Which DBMS allows ordering on an attribute that is missing from the select clause?

Suppose I have a table named Cars with two columns: CarName , BrandName

Now I want to execute this query:

 select CarName from Cars order by BrandName 

As you can see, I would like to return a list that is sorted by a column that is not in the selected part of the query.

The main (not optimized) sequence of executing sql commands: from , where , group by , having , select , order by .

The emerging issue is that BrandName is not part of what remains after the select command is executed.

I searched this in books, google and Stackoverflow, but so far I have only found a few SO comments, such as "I know a database system that does not allow this, but I don’t remember one."

So my questions are:
1) What do the SQL-92 or SQL99 standards mean about it.
2) Which databases allow this query and which do not?

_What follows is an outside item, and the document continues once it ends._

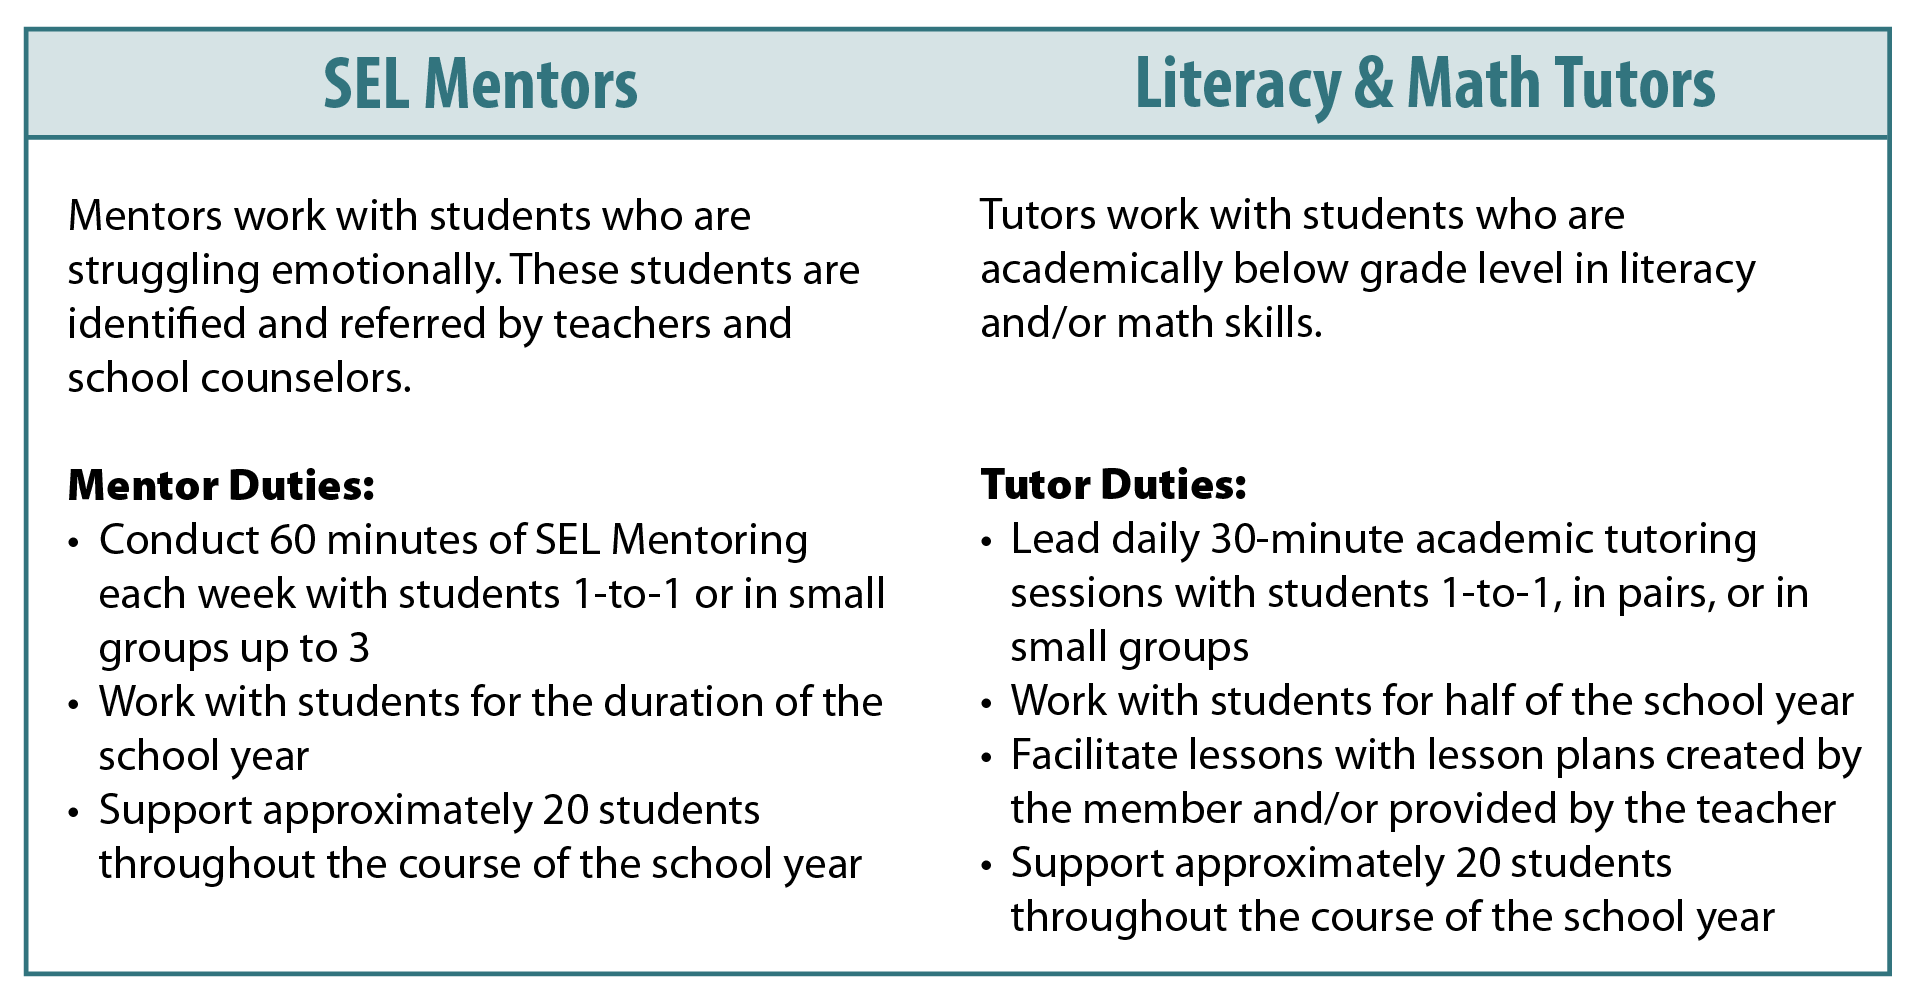 SEL Mentors and Literacy and Math Tutors table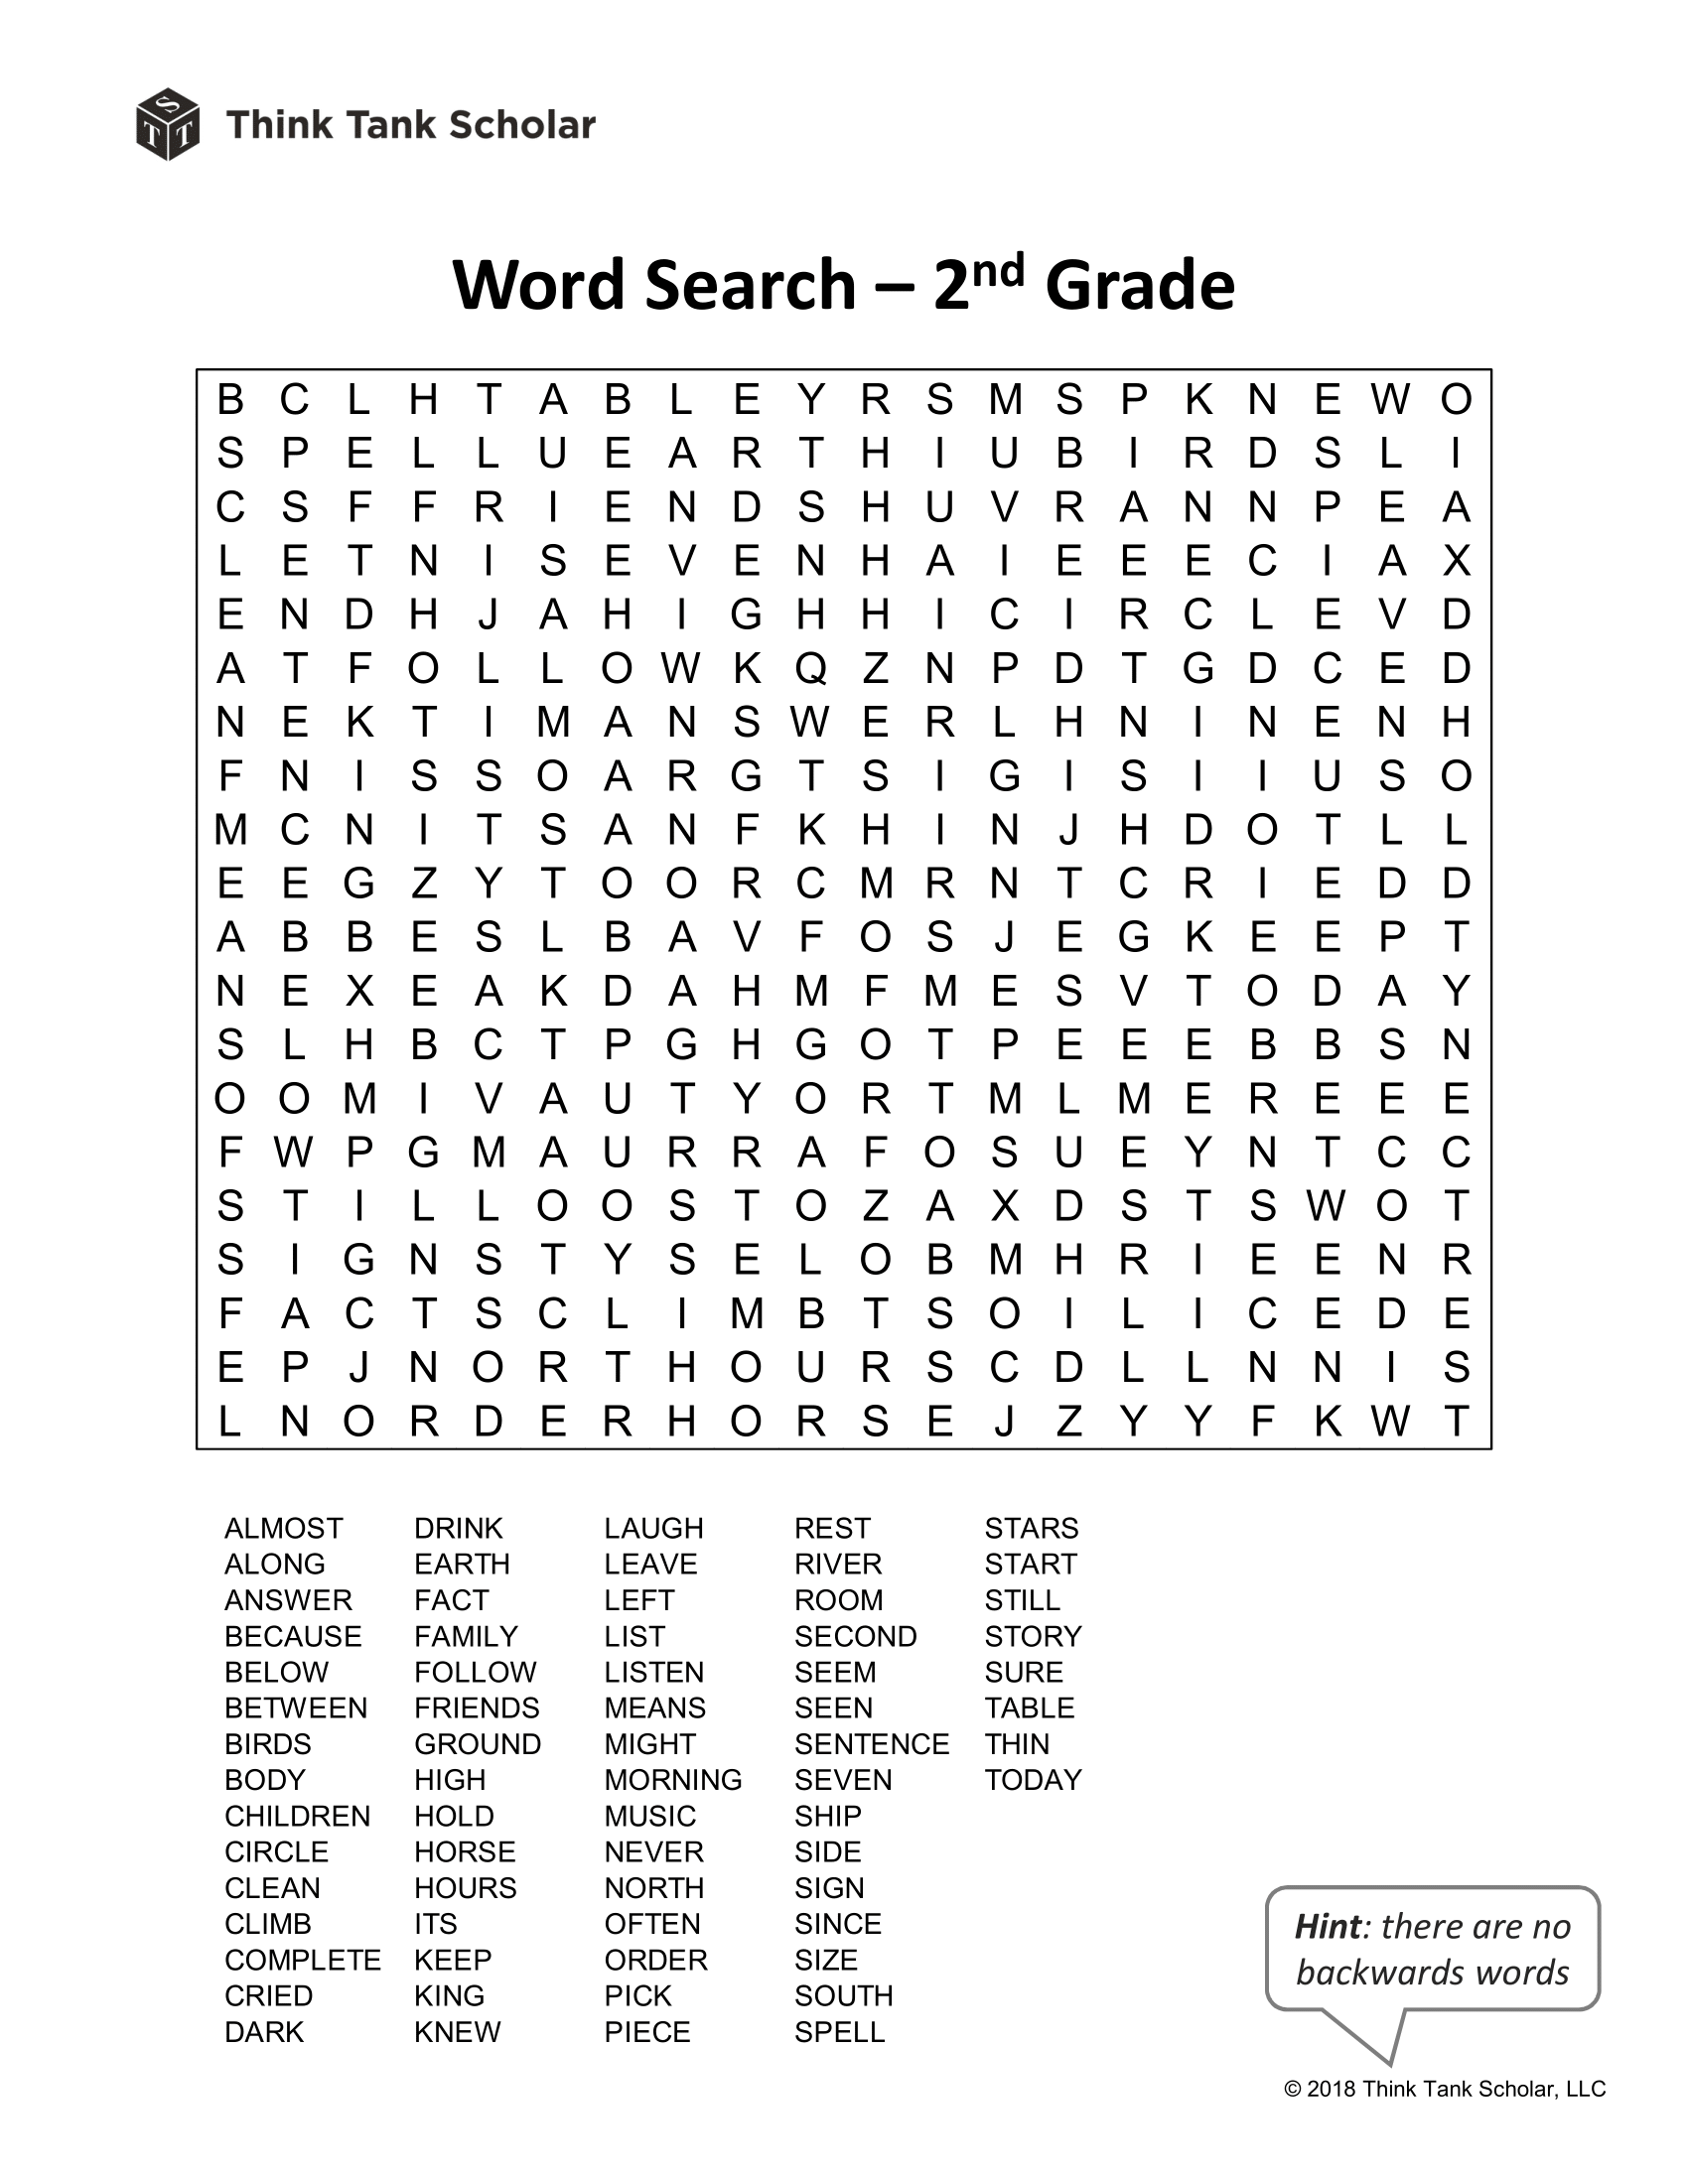 Sight Words Worksheet (FREE) Word Search 24nd Grade Printable Throughout 2nd Grade Sight Words Worksheet

(Background: a couple of students were asked about this, and I want to give them a better answer)

EDIT:
- Successfully tested for Microsoft SQL Server 2012

+6
source share
2 answers

Your query is completely legal syntax, you can order by columns that are not in select.

If you need complete specifications about legal ordering, in SQL Standard 2003 it contains a long list of statements about what order should and should not contain (02-Foundation, p. 415, section 7.13 <Query expression>, part 28). This confirms that your request is legal syntax.

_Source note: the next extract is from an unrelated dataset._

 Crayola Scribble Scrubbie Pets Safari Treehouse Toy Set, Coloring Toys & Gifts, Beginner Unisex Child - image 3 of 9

I think that your confusion may result from selecting and / or sorting by columns that are not in the group, or sorting by columns that are not selected when using separate ones.

Both have the same underlying problem, and MySQL is the only one that, as far as I know, allows.

The problem is that when using a group individually or individually, any columns that are not contained in them are not needed, so it does not matter if they have several different values ​​in rows, because they are never needed. Imagine this simple data set:

 ID | Column1 | Column2 | ----|---------+----------| 1 | A | X | 2 | A | Z | 3 | B | Y | 

If you write:

 SELECT DISTINCT Column1 FROM T; 

You'll get

  Column1 --------- AB 

If you then add ORDER BY Column2 , which of the two ORDER BY Column2 will be used to order A, X or Z? It is not defined how to select a value for column2.

The same applies to selecting columns that are not part of a group. To simplify, just imagine the first two rows of the previous table:

 ID | Column1 | Column2 | ----|---------+----------| 1 | A | X | 2 | A | Z | 

In MySQL you can write

 SELECT ID, Column1, Column2 FROM T GROUP BY Column1; 

This actually violates the SQL standard, but works in MySQL, however, the problem is that it is not deterministic, the result:

 ID | Column1 | Column2 | ----|---------+----------| 1 | A | X | 

No more or less correct than

 ID | Column1 | Column2 | ----|---------+----------| 2 | A | Y | 

So what are you saying, give me one row for each individual Column1 value that both result sets satisfy, since you know which one you will get? Well, you don’t know, this is a rather popular misconception that you can add, and the ORDER BY to influence the results, for example, the following query:

 SELECT ID, Column1, Column2 FROM T GROUP BY Column1 ORDER BY ID DESC; 

Ensure that you get the following result:

 ID | Column1 | Column2 | ----|---------+----------| 2 | A | Y | 

due to ORDER BY ID DESC , however this is incorrect ( as shown here ).

MySQL docs :

The server can select any value from each group, therefore, if they do not match, the selected values ​​are undefined. Moreover, the selection of values ​​from each group cannot depend on the addition of an ORDER BY clause.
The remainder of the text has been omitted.